We stop before an informational placard and shine a flashlight app from our phone so we can read about the cross that was erected in 1772 to mark the site of the Mission, the first mass celebrated by blessed Junipero Serra outdoors with soldiers and neophytes and his fellow priests. It must have been something, empty of people, grasses glowing gold, the bending limbs of coastal oaks, and grizzlies. The place was overrun with grizzlies, the placard reads, supply ships from Mexico delayed, a cold, bone-dry winter coming, cavernous hunger. We read on, about the great grizzly hunt, the soldiers carving up and shipping 9,000 pounds of dried and salted bear meat to the surrounding missions.
Gross, we agree and follow a path down to the creek lined with giant eucalyptus that block out the moon. On the other side is the back patio of a bar where drunk college kids flirt and paw at one another and snap pics with their phones. A reminder of how we met, at a Westwood college bar with our fake I.D.s in the butt grinding madness of the dance floor, and later, back at the sorority house, the linked legs and spilling of guts, a feeling like surgical alteration, of permanence.

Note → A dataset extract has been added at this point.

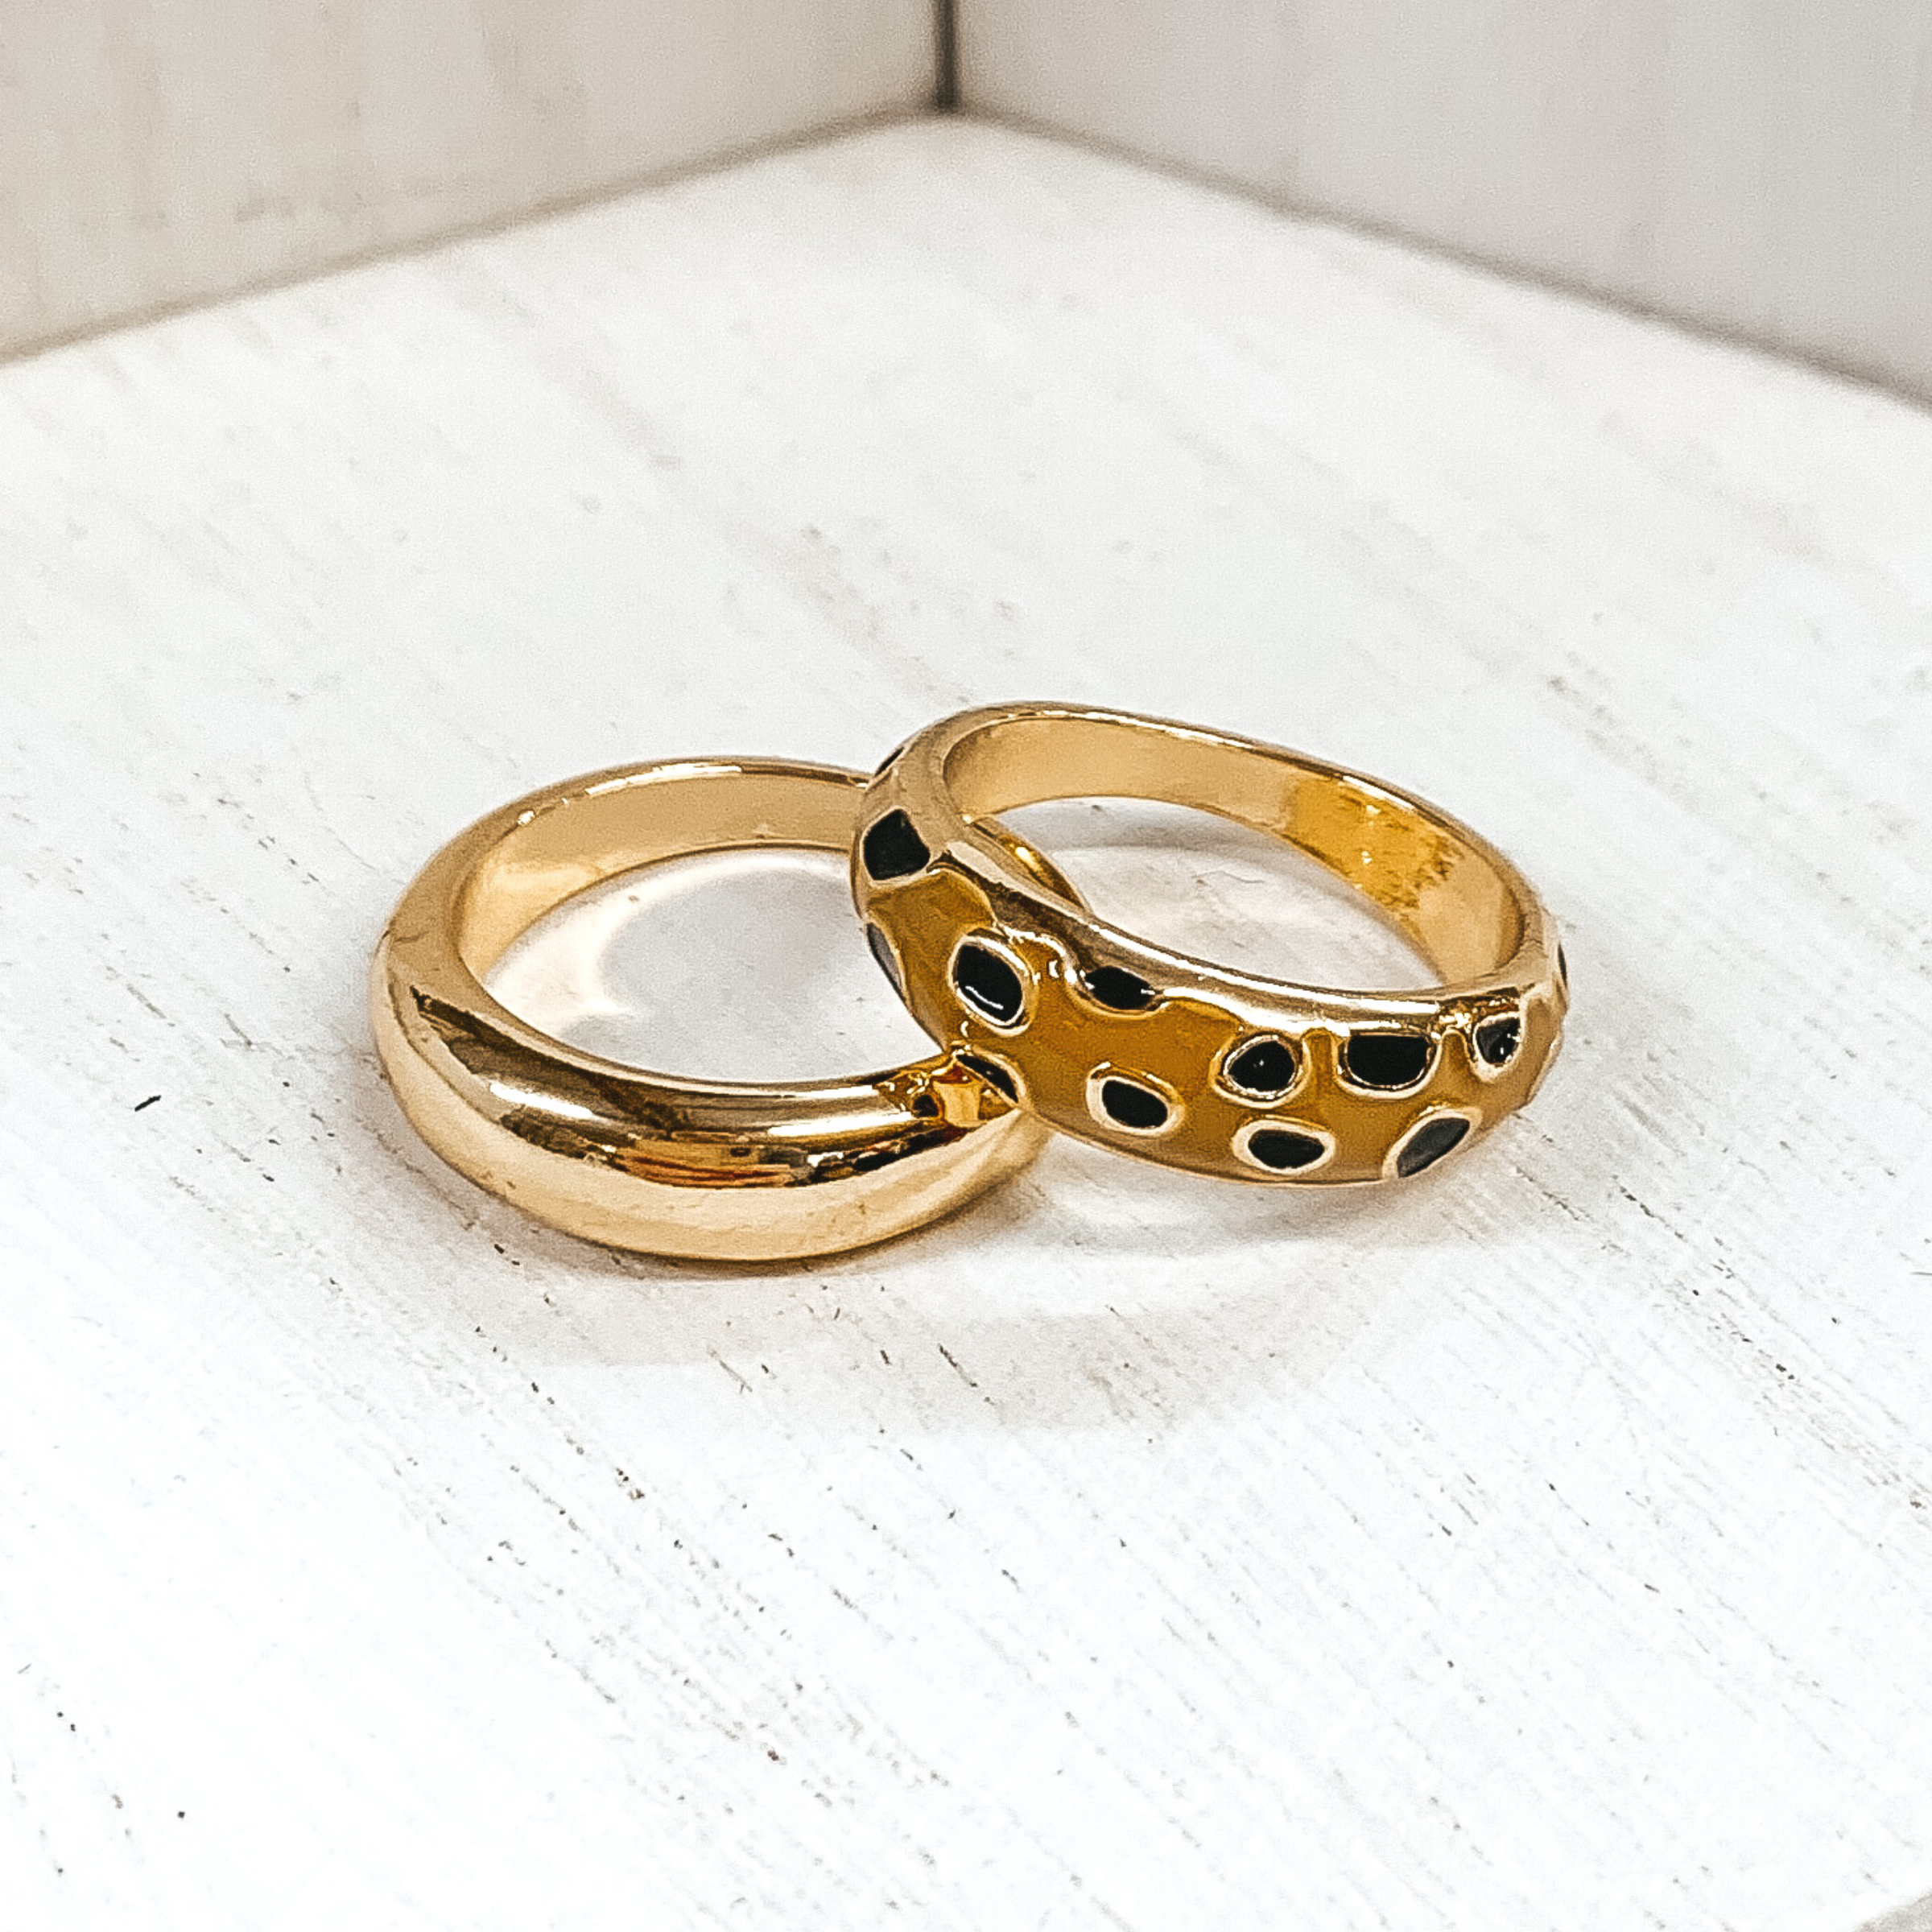 Set of two thick, gold rings. One ring is plain, while the secong ring has a tan colored part with black cheetah print. These rings are pictured on a white background.

We consider taking a shot like that first night, but no, we have a mission, those under the bridge kids. We follow the path and see an old brick footbridge spotted with base gray paint to cover graffiti. It’s not until we’ve passed under the bridge that we hear a soft ripple of laughter, see them, four, no, five kids dressed in many layers of black, sitting in a circle like some kind of séance and maybe they’re witches? Even better.
Hands locked together, we approach the kids slouching or leaning back in the grass, eyes saying leave us alone. It’s not danger we’re after nor comfort even but some heavenly middle ground, the space where things hurt and heal all at once. “Hello,” we call, “good evening.” The kids say nothing. “A friend of ours from the Madonna Inn told us you were the people to see if we wanted any mushrooms. Is that so?”
“Are you a cop?” one of them asks. Late teens, early twenties? It’s impossible to tell anymore. But young, with a faint beard of acne, a head of short brown dreads. “You have to tell me if you’re a cop.”
“We are not cops.”
“How much do you want?”
It is far too easy, as if divinely intervened, the Mission looming three-eyed behind the under the bridge kids.
“This place is creepy. Why do you hang out here?”
“We live here.”
“What about your parents?”
They laugh a collective laugh. It is a mean-spirited laugh. Some would even call it evil. Our hands, we lock them tighter.
It is not until we’re on the other side of the bridge that we open our mouths and chew up one mushroom each, tasting dirt and decay, kissing deeply.